The Fleet Zoo
Vetted System Archetypes and Multi-Node Clusters
The Fleet Zoo defines the Structural Context of ML systems—from single microcontrollers to warehouse-scale supercomputers. Fleets combine hardware nodes, network fabric, and a count to form a complete system that the DistributedModel can analyze.
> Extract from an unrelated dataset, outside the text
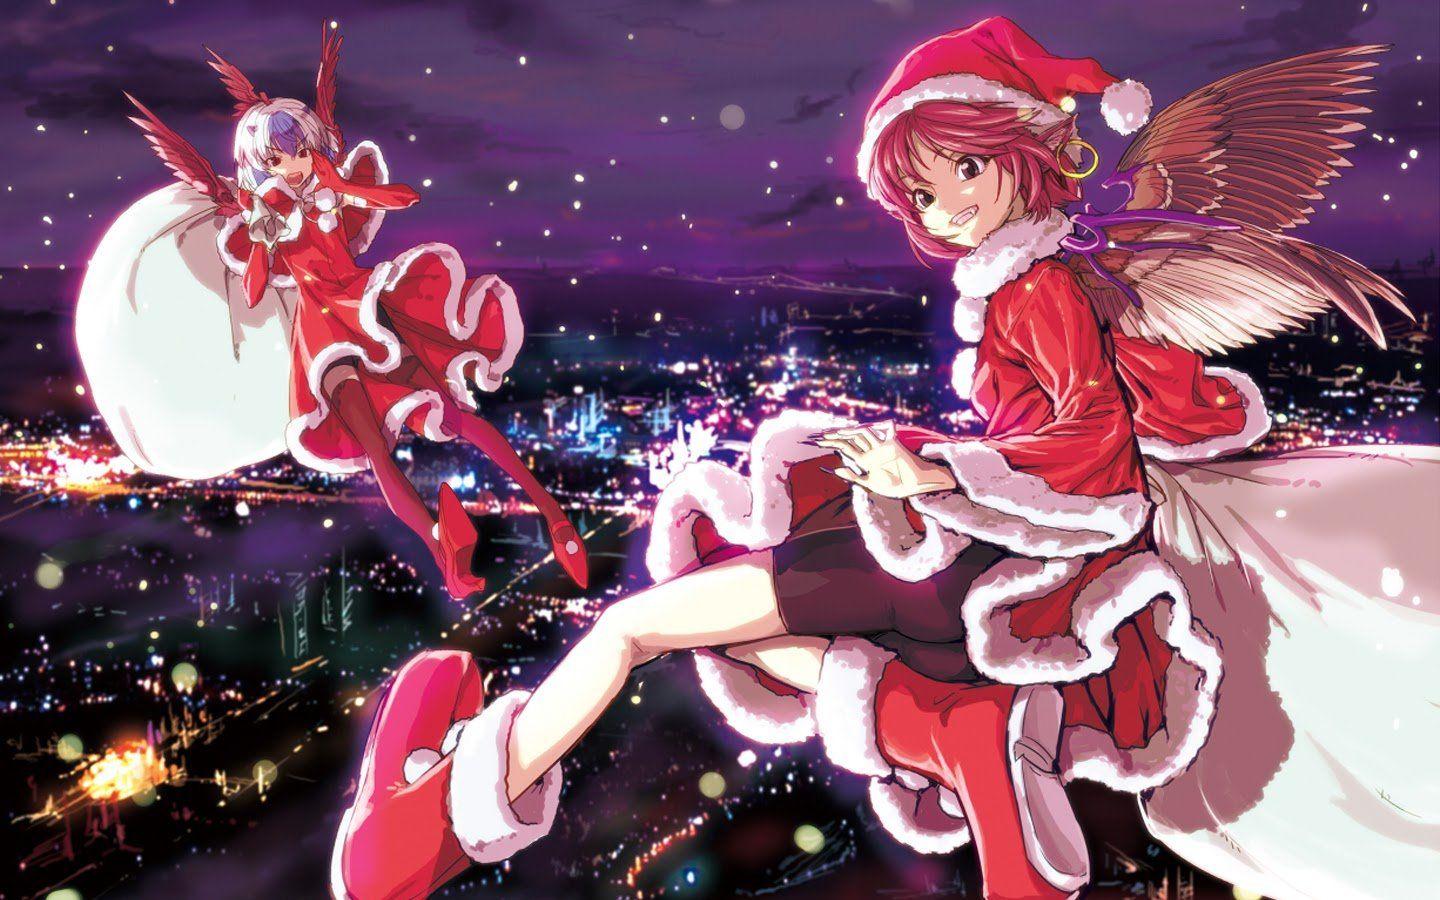 Màn hình điện thoại của bạn chưa đủ hoành tráng cho mùa Giáng Sinh năm nay? Hãy tải Anime Girl Christmas Wallpapers để trang trí thêm cho phù hợp nhé! Bức hình liên quan đầy ấn tượng và tuyệt đẹp.

A Fleet = Node × Count + Fabric. The Node specifies which accelerator and how many per server box. The Fabric specifies how nodes talk to each other (NVLink for intra-node, InfiniBand for inter-node). Use the 3D Parallelism tutorial to see how these parameters affect training time.
Deployment Tiers
| Tier | RAM | Storage | Latency Budget |
|---|---|---|---|
| Cloud | 512 GB | 10 TB | 200 ms |
| Edge | 32 GB | 1 TB | 50 ms |
| Mobile | 8 GB | 256 GB | 30 ms |
| TinyML | 512 KiB | 4 MB | 100 ms |
Reference Nodes
| Node Name | Accelerator | Count | Intra-Node BW |
|---|---|---|---|
| DGX A100 | NVIDIA A100 | 8 | 600.0 GB/s |
| DGX B200 | NVIDIA B200 | 8 | 1800.0 GB/s |
| DGX H100 | NVIDIA H100 | 8 | 900.0 GB/s |
Production Clusters
| Cluster Name | Node Type | Node Count | Total GPUs | Fabric |
|---|---|---|---|---|
| Frontier Cluster (8192 GPUs) | DGX H100 | 1024 | 8192 | IB NDR |
| Mega Cluster (100000 GPUs) | DGX H100 | 12500 | 100000 | IB NDR |
| Production Cluster (2048 GPUs) | DGX H100 | 256 | 2048 | IB HDR |
| Research Cluster (256 GPUs) | DGX H100 | 32 | 256 | 100GbE |
How to Read the Fleet Zoo
Why Fleet Size Matters
Distributed training performance is dominated by communication overhead. As you add more nodes, each all-reduce synchronization step must transfer gradient data across the fabric. The DistributedModel models this trade-off using the ring all-reduce formula [1]:
\[T_{\text{dp}} = 2(N-1) \cdot \left(\frac{M/N}{BW} + L\right)\]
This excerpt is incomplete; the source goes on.